Continuaremos circocombatendo, Anas

Mataram um palhaço, mataram um companheiro, mataram um lutador. Anas al-Basha, o último palhaço de Aleppo foi morto hoje (30 de Novembro) conjuntamente com um grupo de civis. Tinha 24 anos. Apesar da escalada incessante da violência, Anas negara-se reiteradamente em abandonar a cidade: queria continuar a trabalhar, continuar a abrir um resquício de esperança no meio da barbárie, da desolação, da infâmia.

A sua peruca cor de laranja era um alvo fácil. Com o seu disfarce e o seu sorriso passeava pelas ruas, levando prendas às crianças, ajudando as vítimas e tentando dar sentido ao absurdo da guerra, levando algo de humanidade, algo de vida no meio de tanta morte.

O que era previsível confirmou-se. A aviação da aliança russa e do exército de Al Assad massacraram hoje mais um grupo de civis, pressionaram o botão para limpar do radar outro montão de pequenos pontos que procuravam refúgio. Entes eles, um pequeno ponto laranja, a peruca de Anas.

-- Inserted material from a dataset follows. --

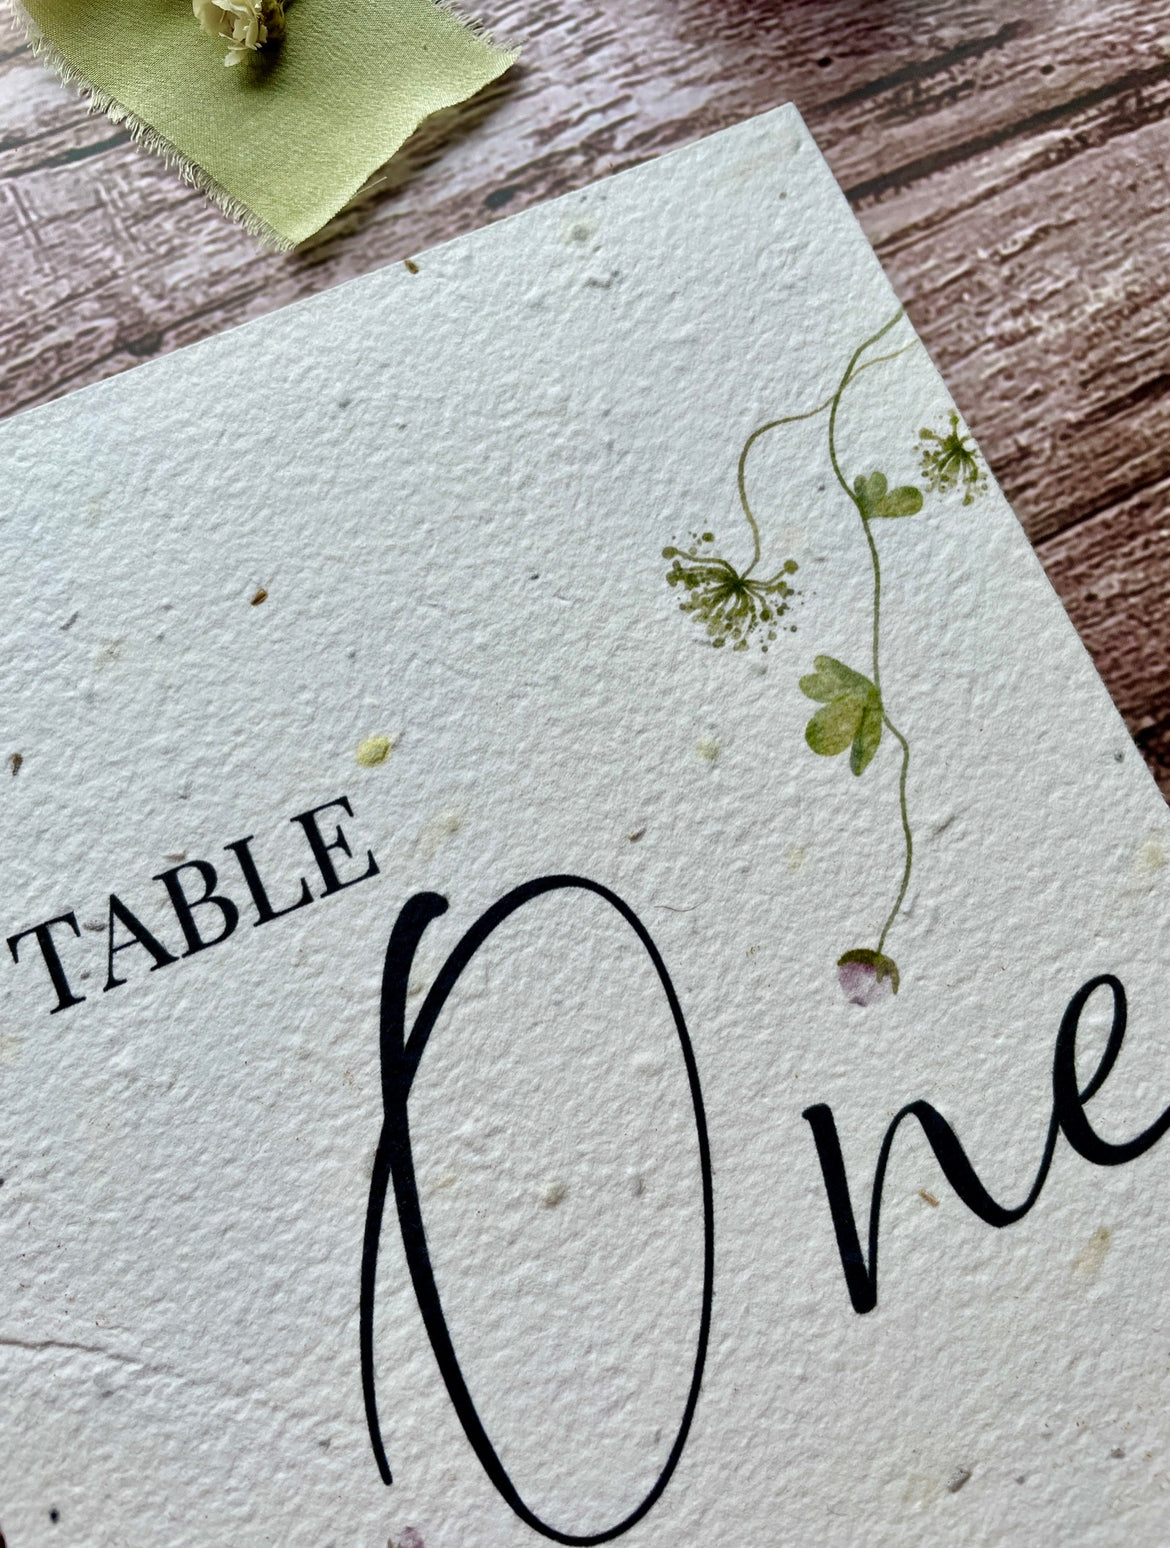 Plantable Wedding Table Number or Name Cards - Spring Green

Desde Palhaços em Rebeldia queremos expressar a nossa solidariedade com a família de Anas al-Basha, Clown de Aleppo, RIP e fazermo-nos eco das palavras do seu irmão, que são extensíveis a tod@s @s palhaç@s rebeldes do mundo: “Anas não era um terrorista, era um membro activo da sociedade que trabalhava dia e noite para levar um sorriso às crianças sírias”.

Anas recusou-se a ir com o circo para outra parte, a sua tenda era a sua casa e a sua casa era o lugar mais perigoso do mundo. Todavia a sua gargalhada ressoa por entre as ruínas daquela cidade devastada, daquele escaparate da sem-razão humana, da loucura do capital. Mas o terror, a guerra, a destruição, não conseguirão apagar a tua gargalhada, que é também a nossa. A felicidade, a esperança, a vida em definitivo, são armas de construção massiva. Enquanto perdurar a destruição continuaremos a ser necessários, Anas. Indispensáveis. Os nossos pequenos pontos laranjas, vermelhos, amarelos… são tão grandes como o mundo, como o coração que os pinta.

Fazemos nossas as lágrimas do teu irmão, Anas: “Estamos orgulhosos de ti. Talvez estejas a descansar já em paz, longe deste mundo cruel”. Em teu nome, e no de todos os povos oprimidos, os Palhaços em Rebeldia continuaremos a meter os narizes onde quisermos, continuaremos circocombatendo.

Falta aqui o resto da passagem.